## Recorded information
☆ ☆ ☆ ☆

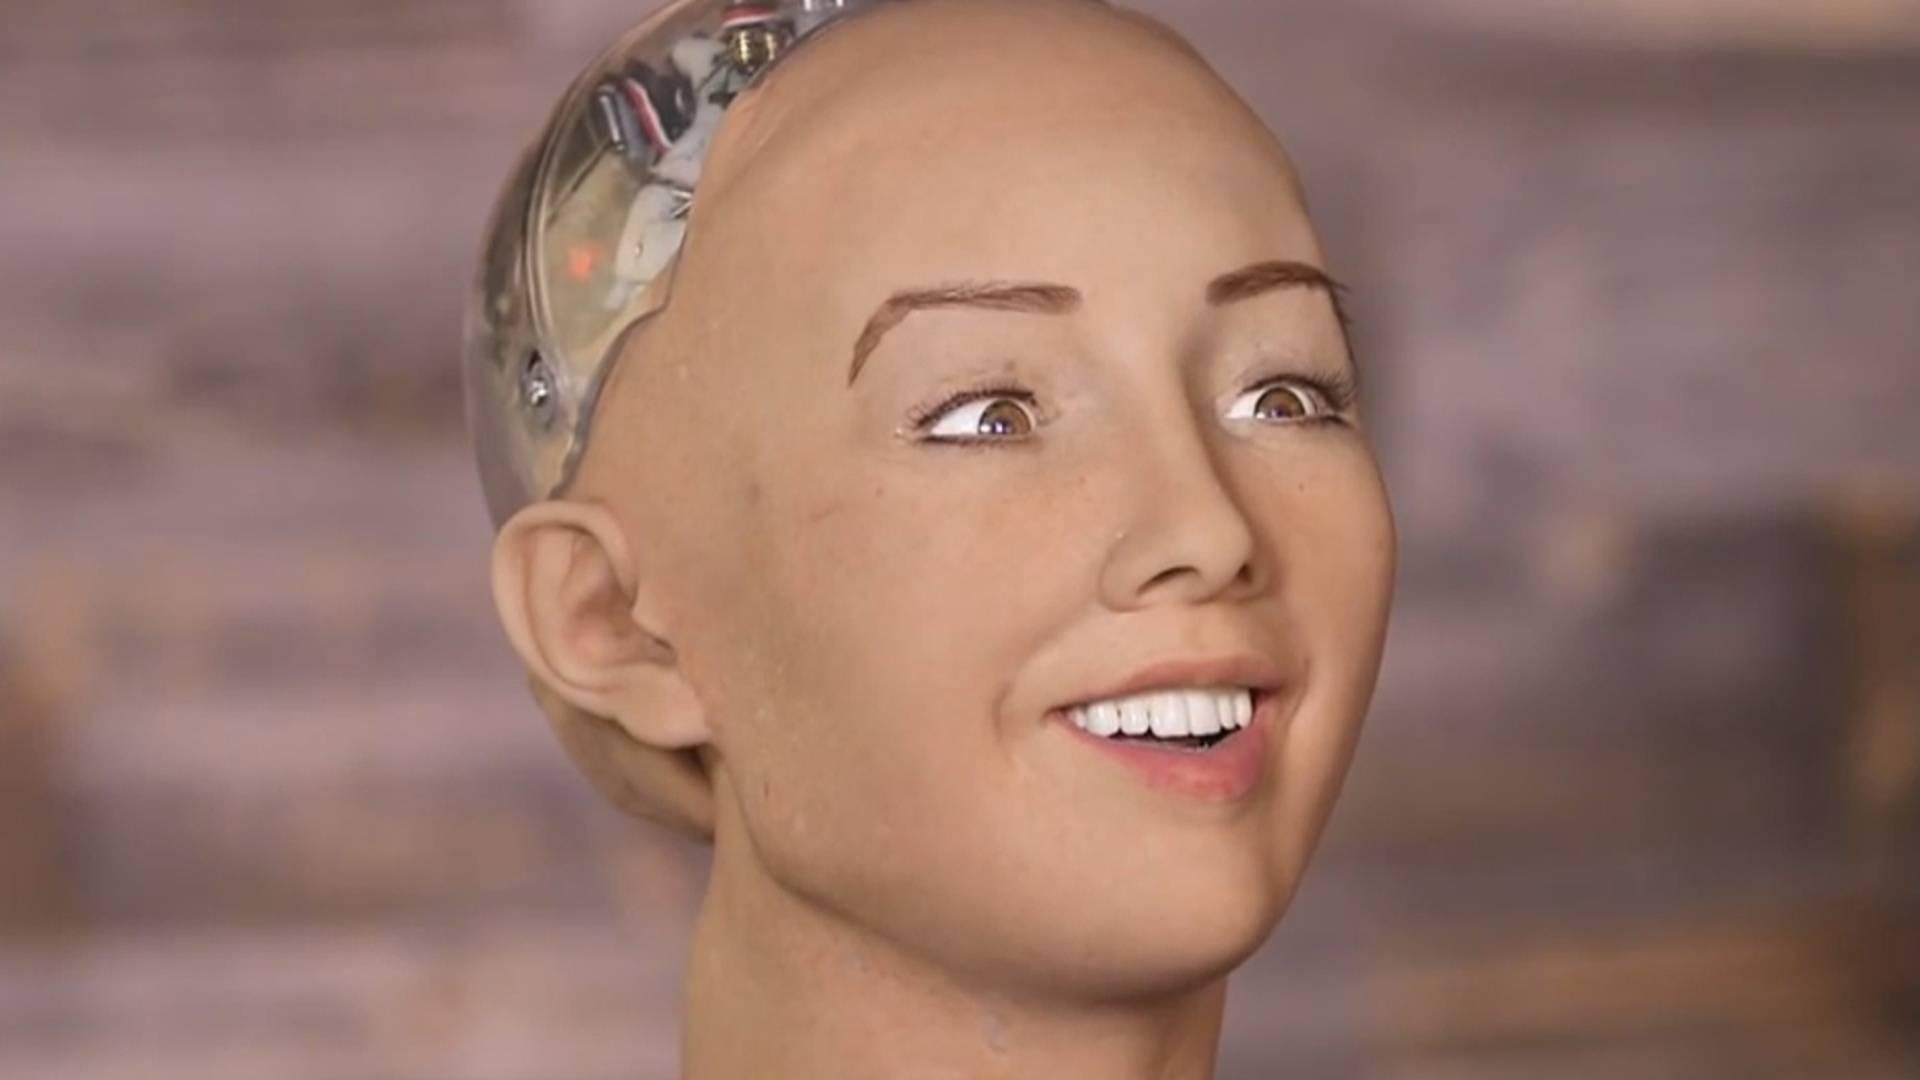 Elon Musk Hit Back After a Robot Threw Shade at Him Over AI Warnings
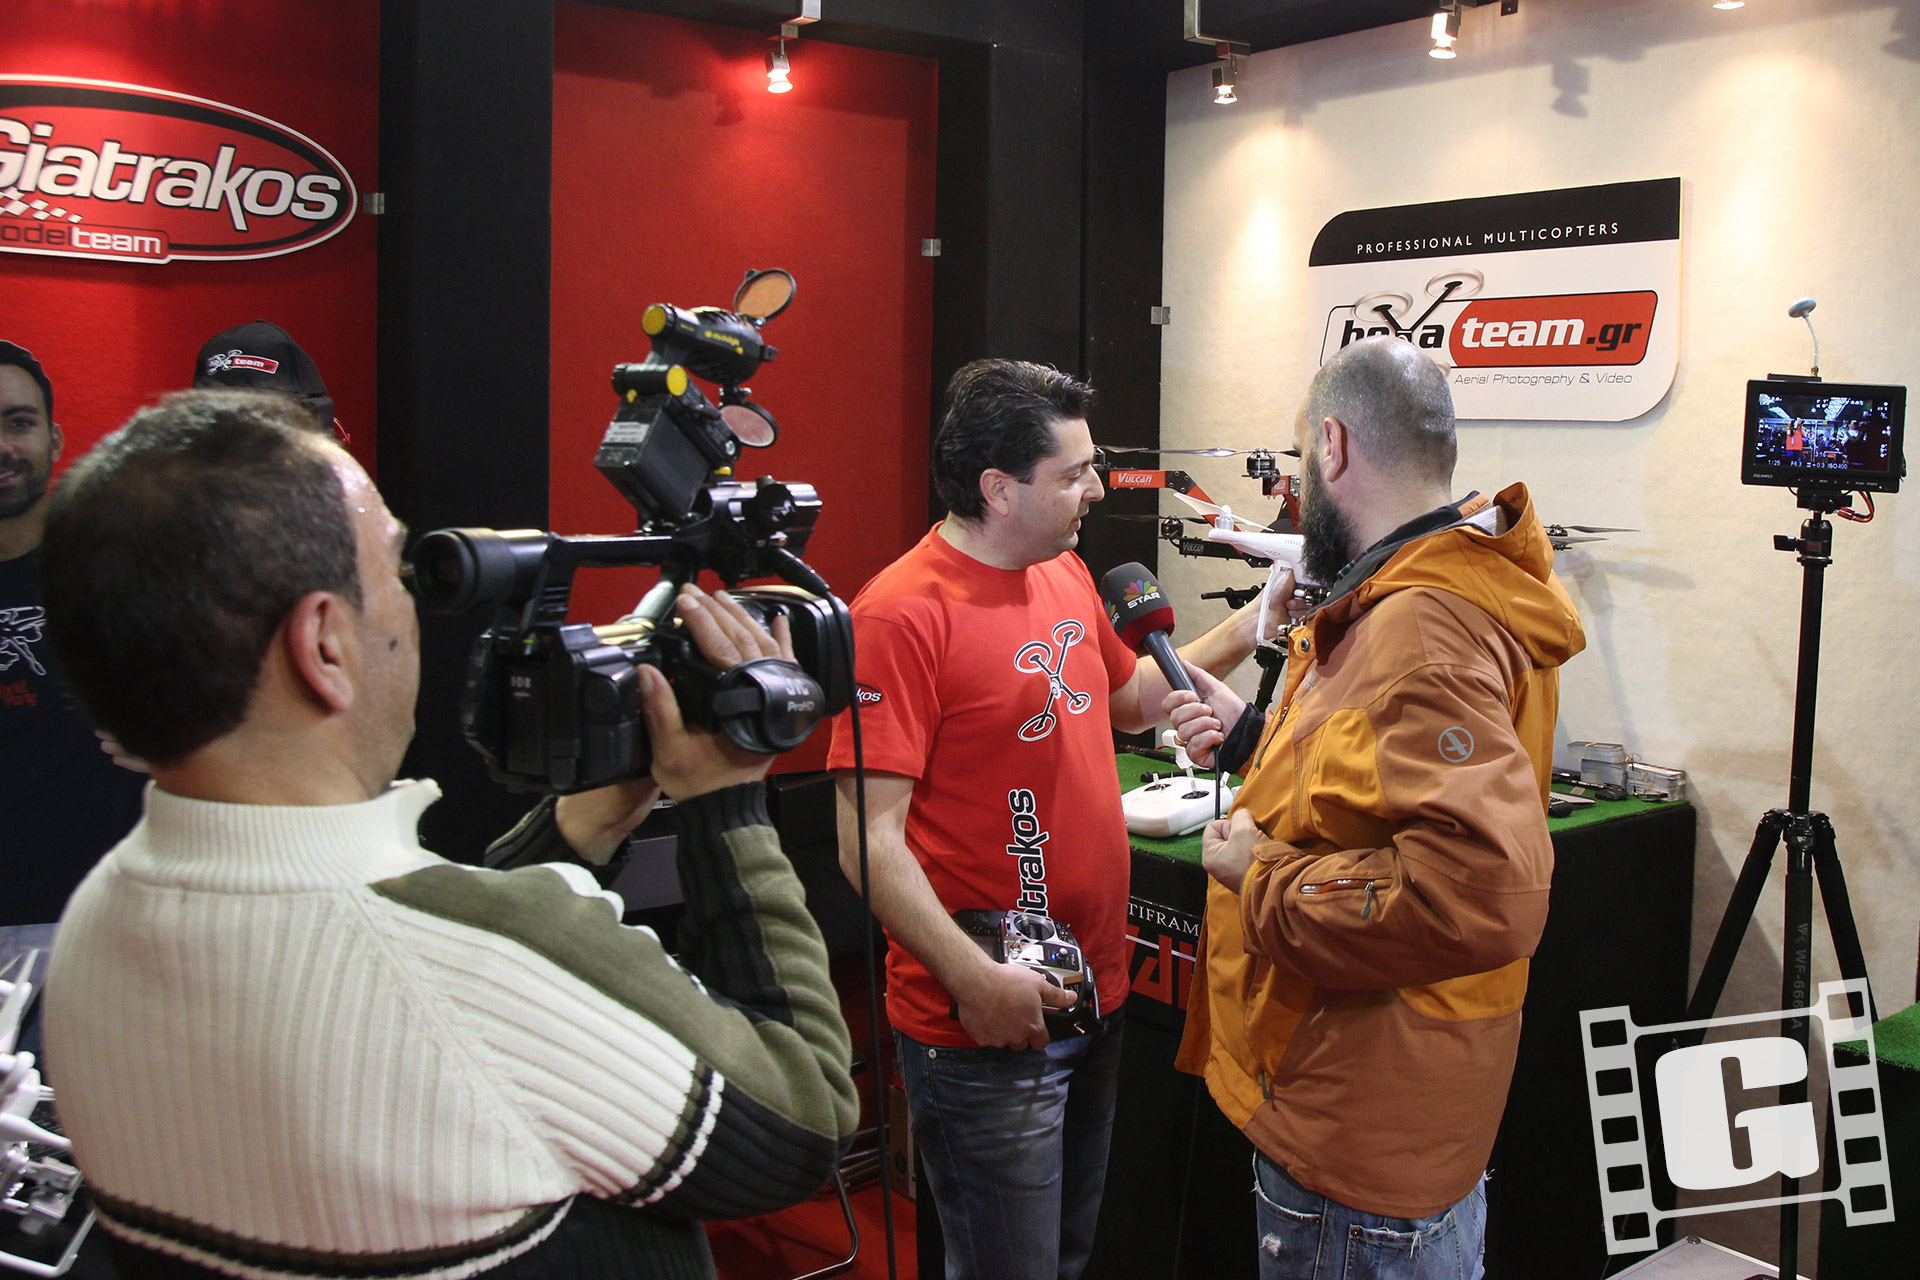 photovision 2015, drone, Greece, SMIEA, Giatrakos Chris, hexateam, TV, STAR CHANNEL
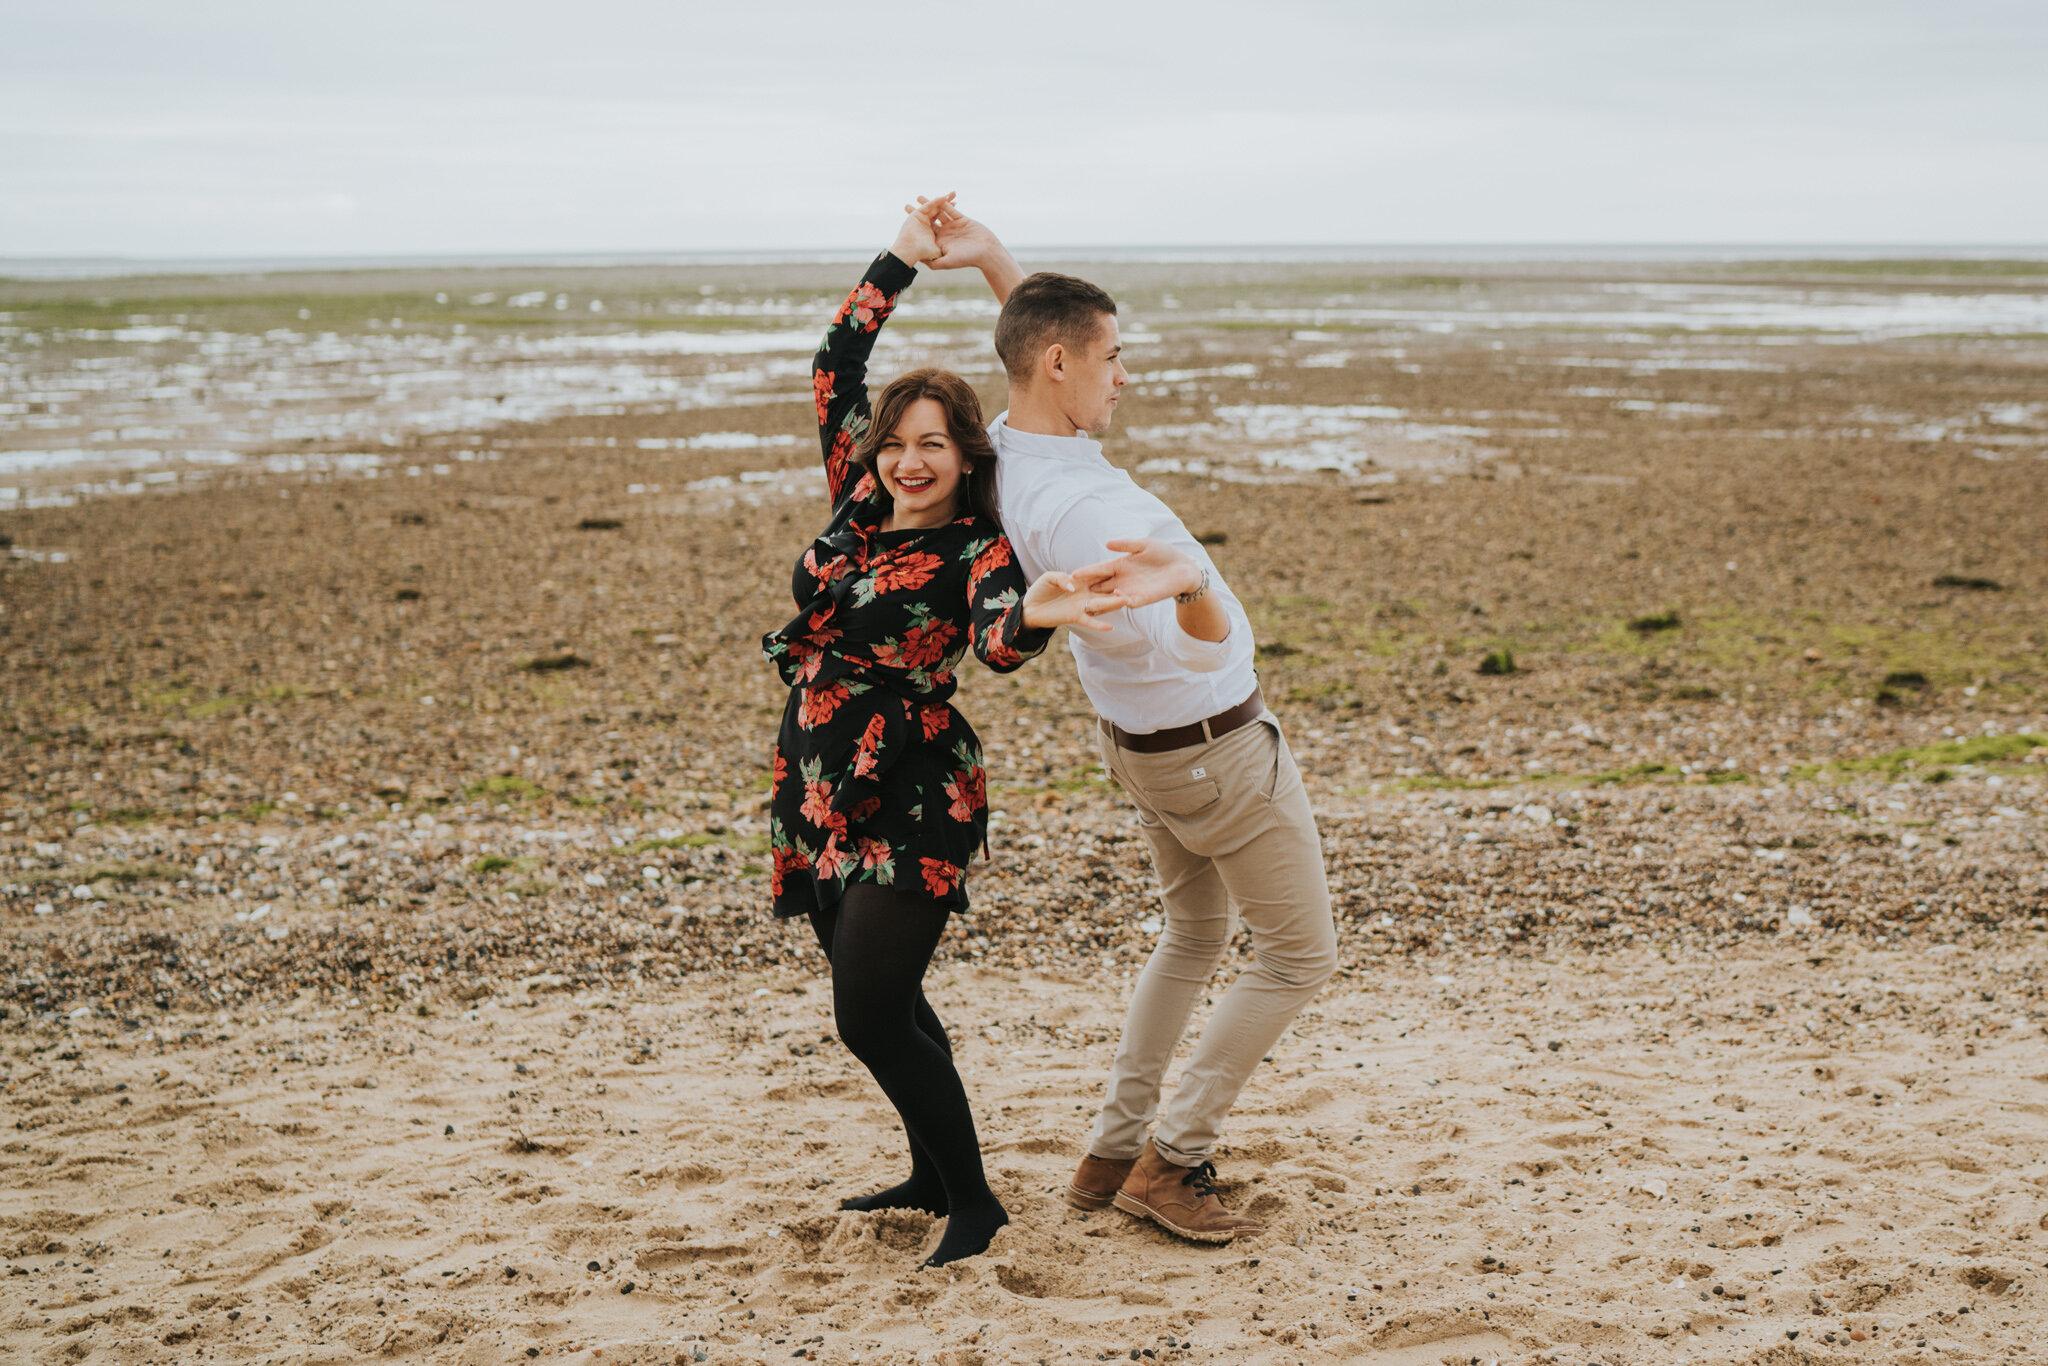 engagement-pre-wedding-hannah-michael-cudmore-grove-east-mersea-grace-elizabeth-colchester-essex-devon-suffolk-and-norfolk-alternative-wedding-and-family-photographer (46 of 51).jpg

☆ ☆ ☆ ☆

## Exercise objective
Without the pictures, write out all of the material exactly.

## Answer area
 Elon Musk Hit Back After a Robot Threw Shade at Him Over AI Warnings
 photovision 2015, drone, Greece, SMIEA, Giatrakos Chris, hexateam, TV, STAR CHANNEL
 engagement-pre-wedding-hannah-michael-cudmore-grove-east-mersea-grace-elizabeth-colchester-essex-devon-suffolk-and-norfolk-alternative-wedding-and-family-photographer (46 of 51).jpg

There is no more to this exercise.